Dataset records:
* * * * * * * * *

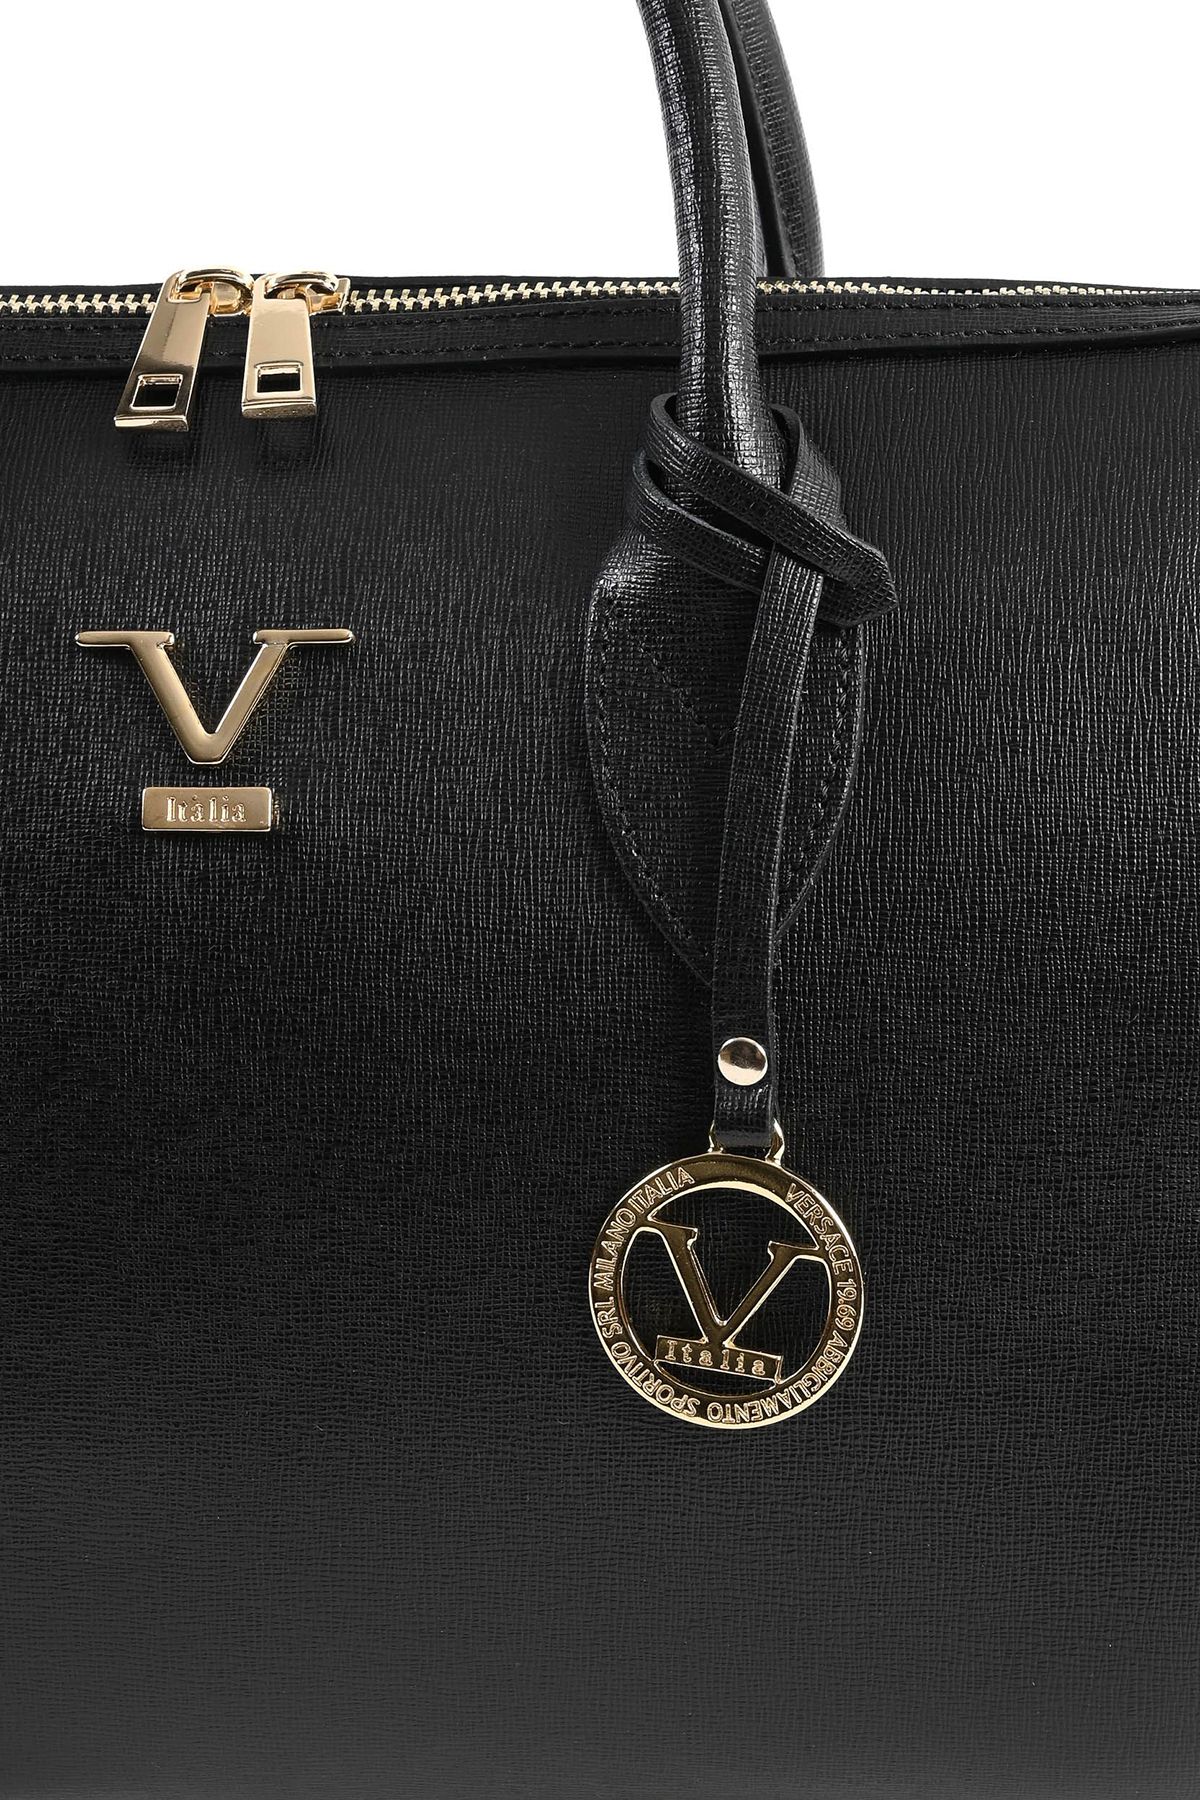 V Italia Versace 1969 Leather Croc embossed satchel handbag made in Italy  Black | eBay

* * * * * * * * *

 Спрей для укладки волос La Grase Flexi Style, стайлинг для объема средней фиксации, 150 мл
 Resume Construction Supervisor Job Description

* * * * * * * * *

Work task: Would you print exactly, and only, the lines of the data above from the line with "Спрей для укладки" through the line with "Resume Construction Supervisor", inclusive?

Answer to the exercise:
 Спрей для укладки волос La Grase Flexi Style, стайлинг для объема средней фиксации, 150 мл
 Resume Construction Supervisor Job Description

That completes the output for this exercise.